SUPPLIED INFORMATION
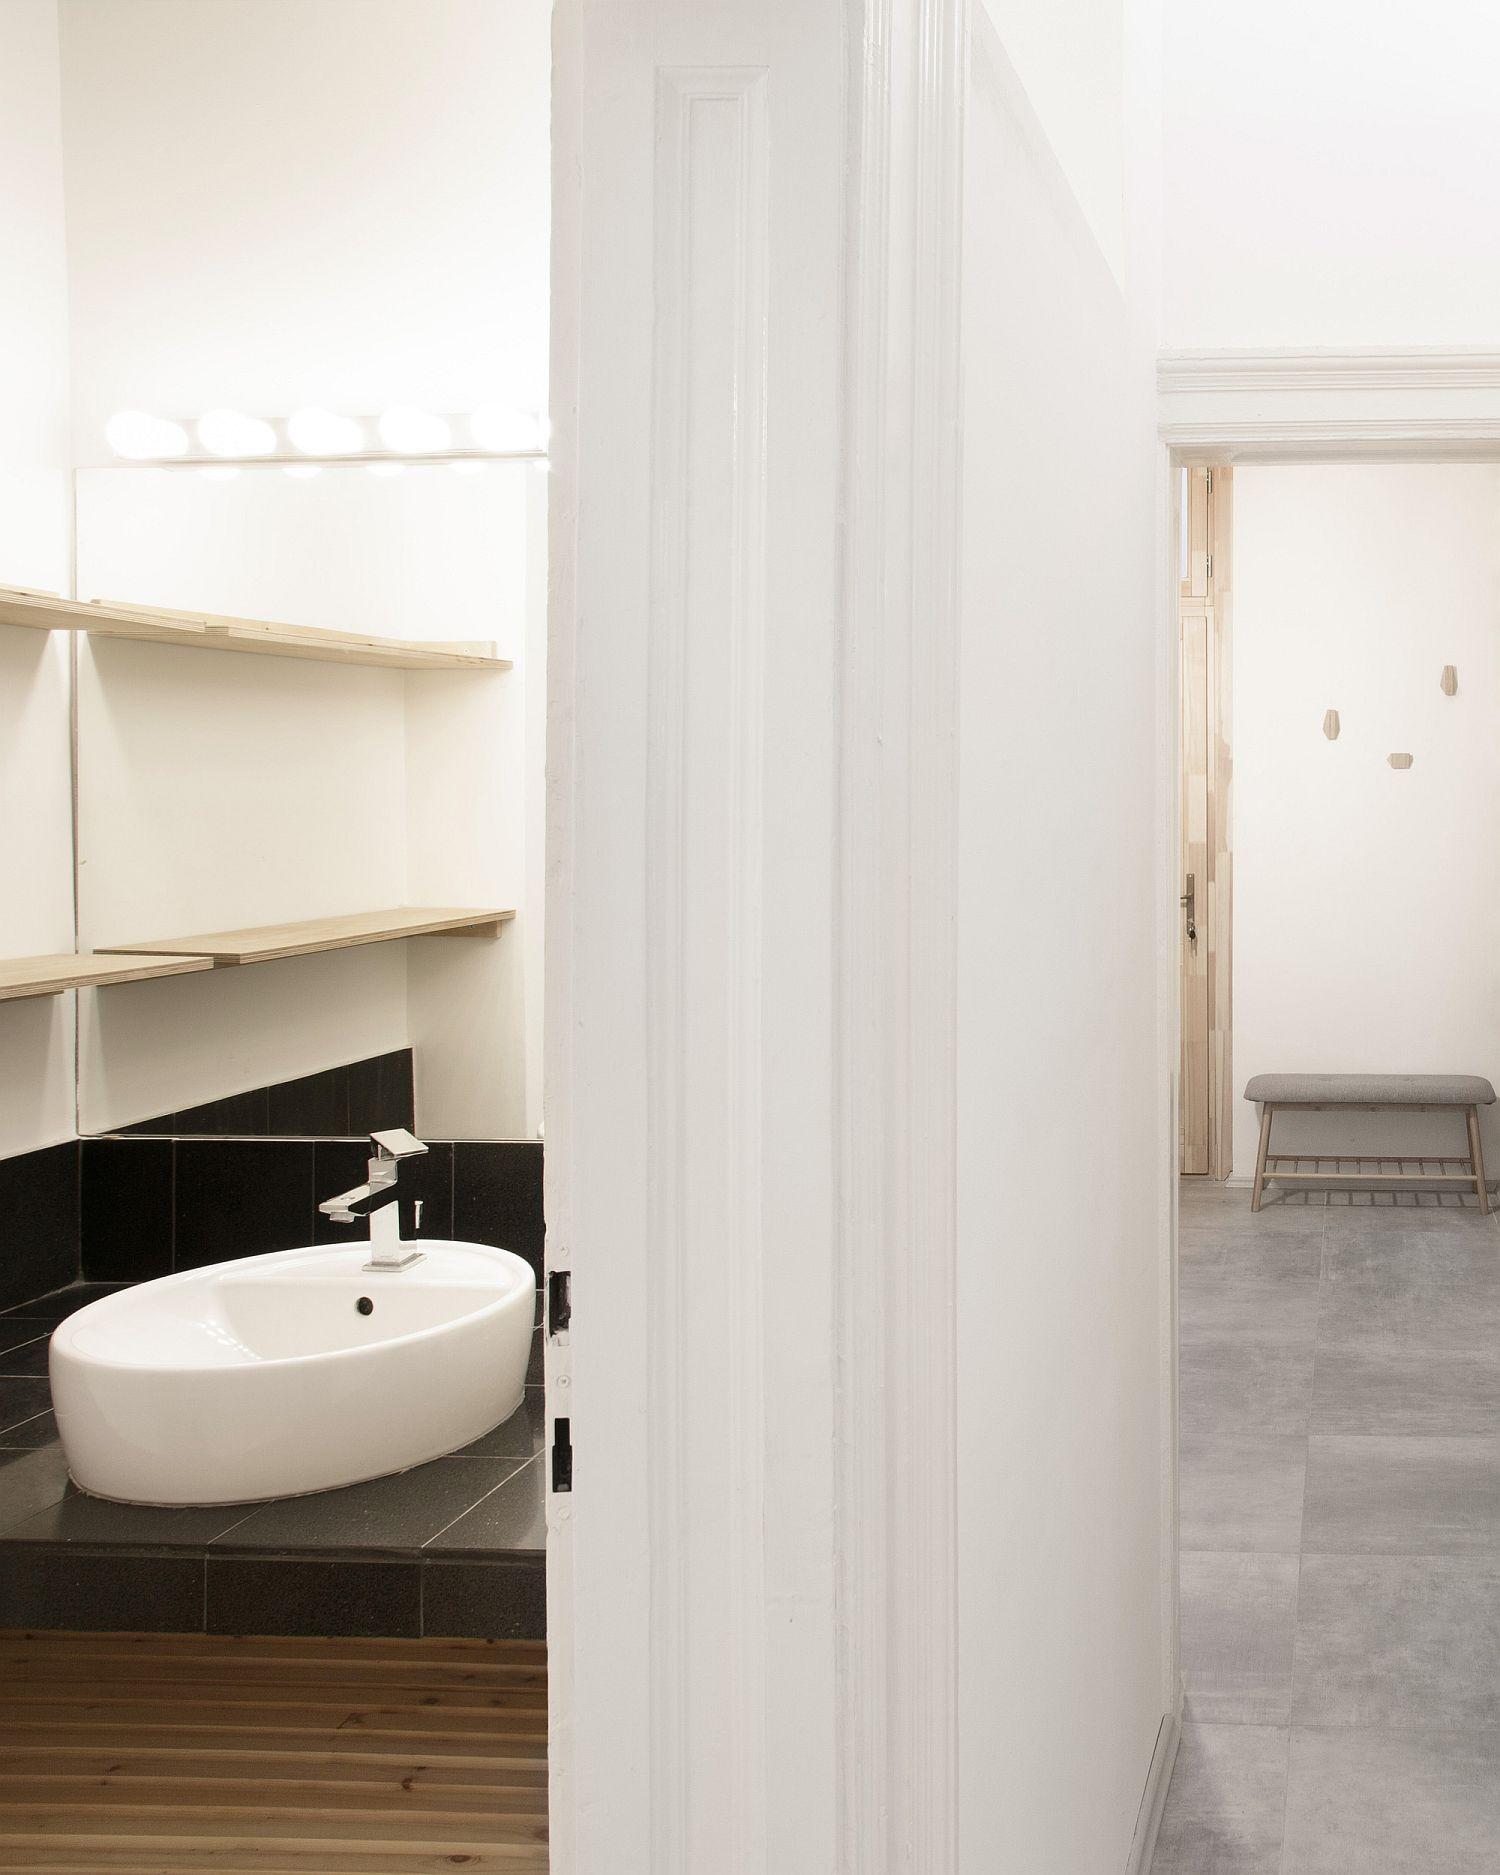 Hình ảnh kệ mở gắn tường cạnh bồn rửa mặt cung cấp không gian lưu trữ gọn đẹp trong phòng tắm.
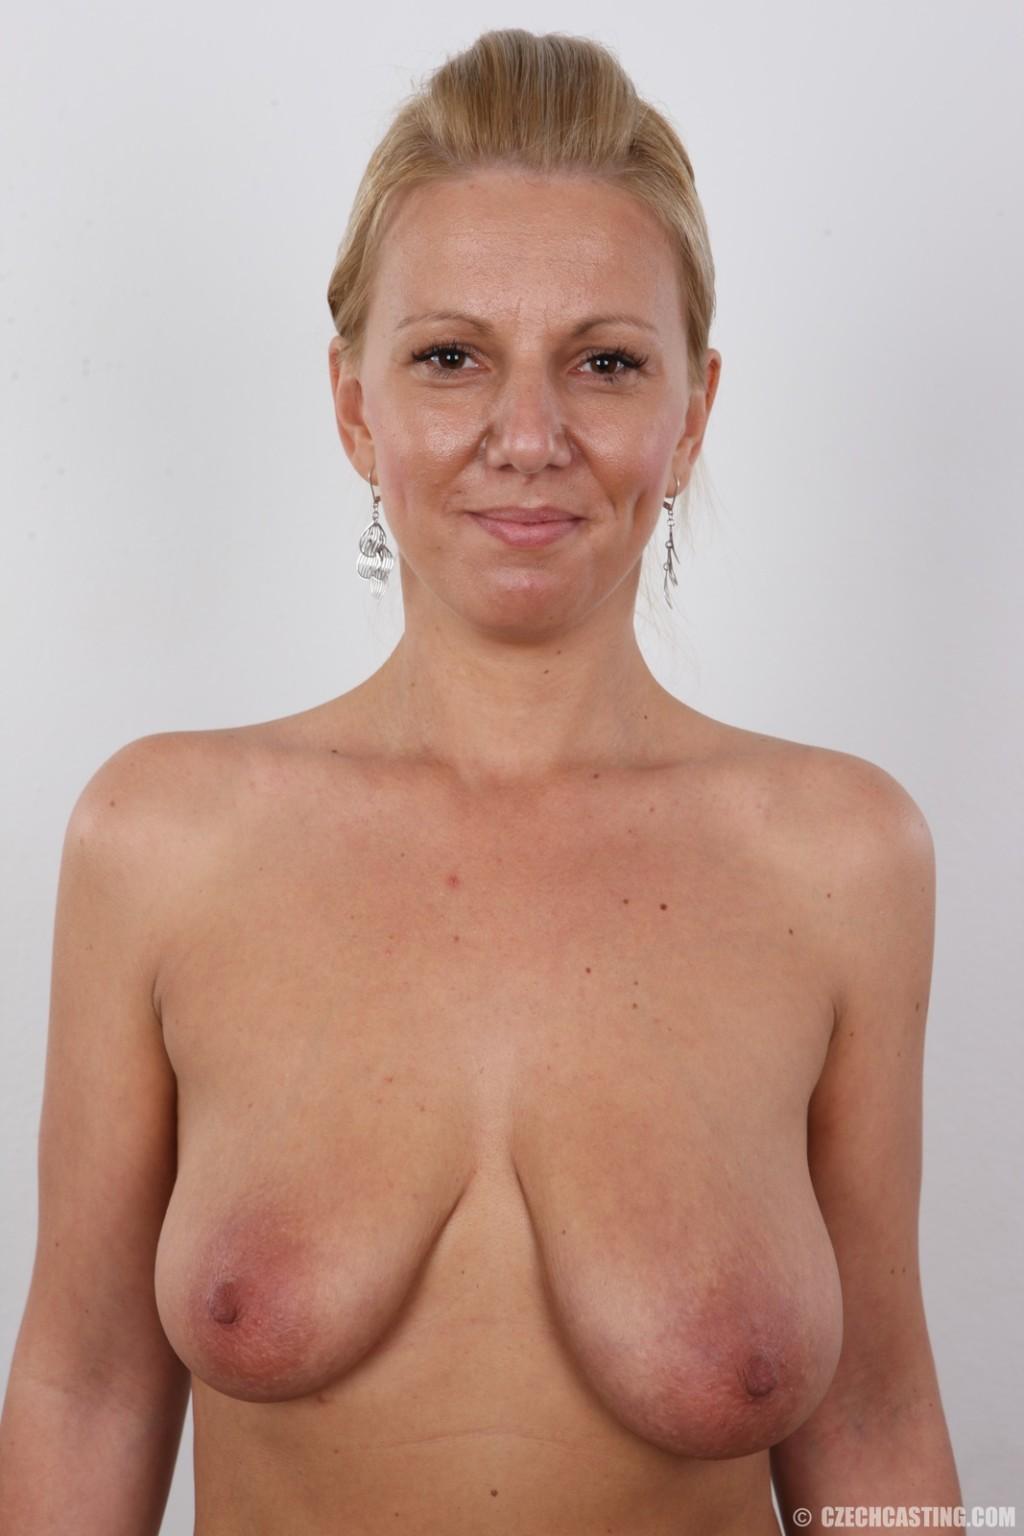 Blonde Big Tits College
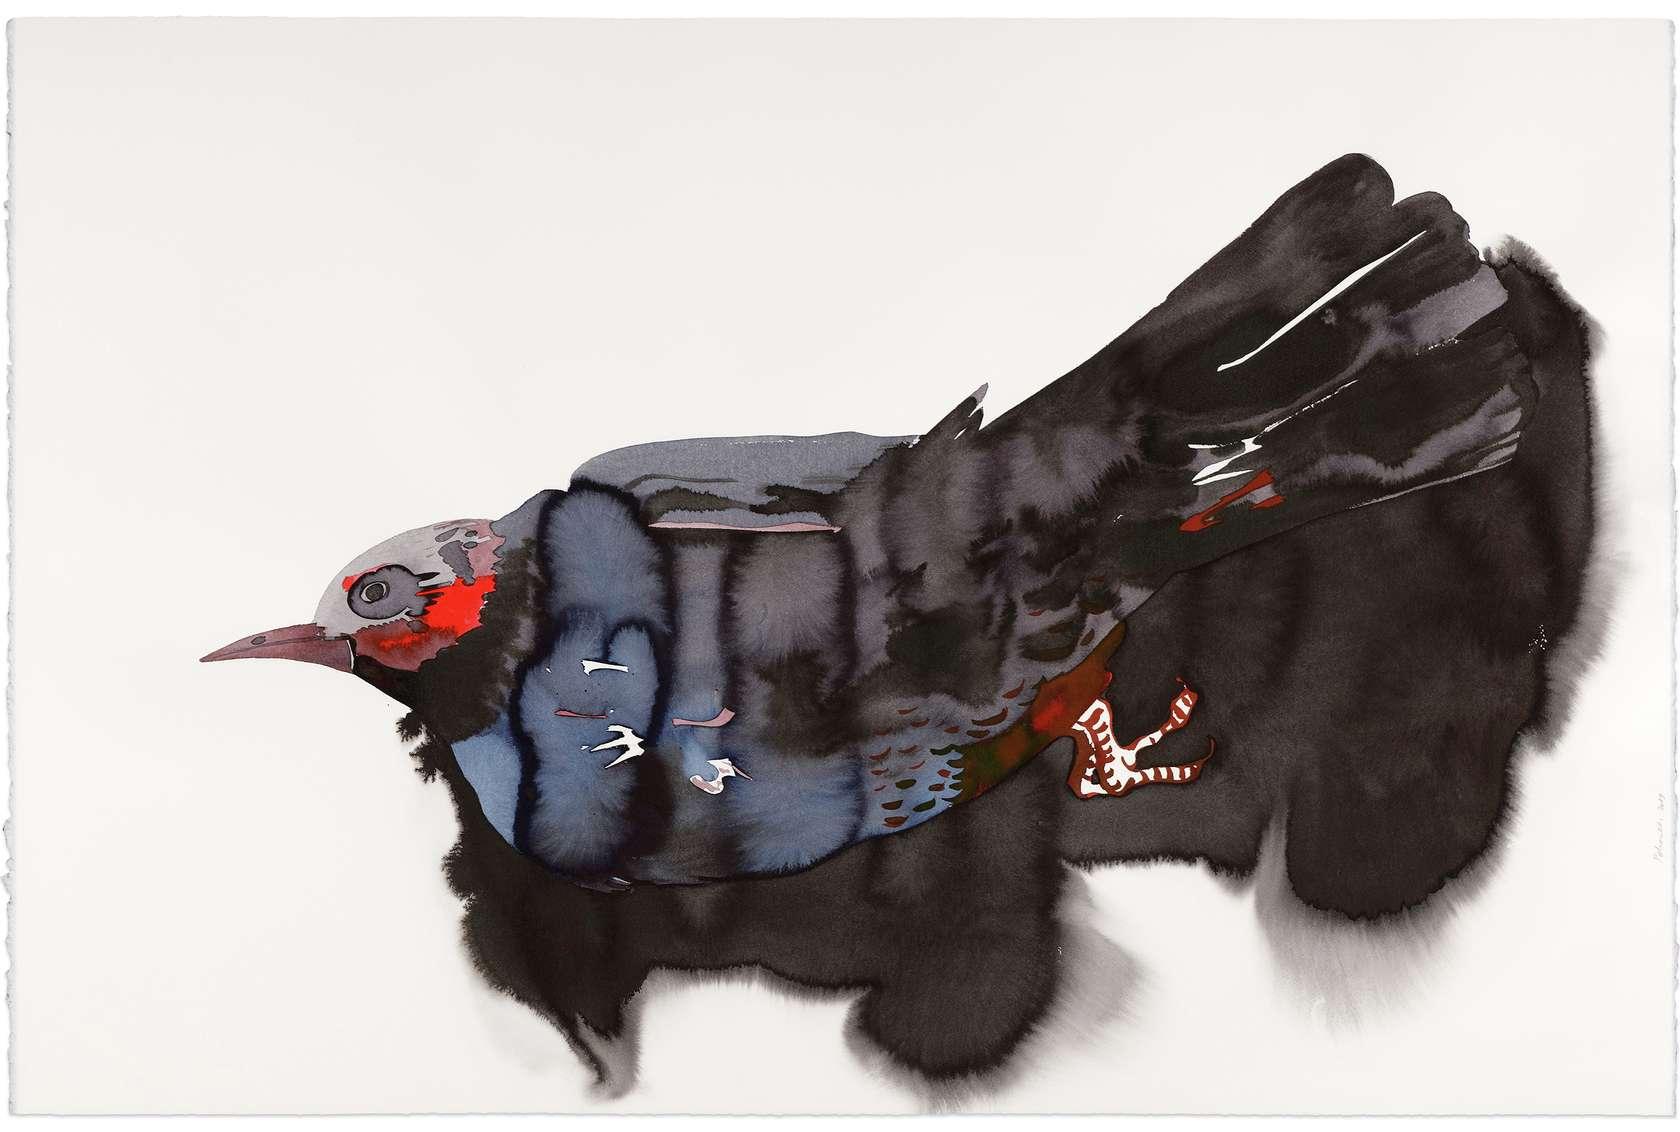 Françoise Pétrovitch, Vanité, 2019 Lavis d'encre sur papier80 × 120 cm / 31 1/2 × 47 2/8 in. | 96 × 137 × 4.5 cm / 37 6/8 × 53 7/8 × 1 6/8 in. (encadré/framed)

WORK REQUIRED
A verbatim copy of the data, with all pictures omitted, is the required output.

TASK OUTPUT
 Hình ảnh kệ mở gắn tường cạnh bồn rửa mặt cung cấp không gian lưu trữ gọn đẹp trong phòng tắm.
 Blonde Big Tits College
 Françoise Pétrovitch, Vanité, 2019 Lavis d'encre sur papier80 × 120 cm / 31 1/2 × 47 2/8 in. | 96 × 137 × 4.5 cm / 37 6/8 × 53 7/8 × 1 6/8 in. (encadré/framed)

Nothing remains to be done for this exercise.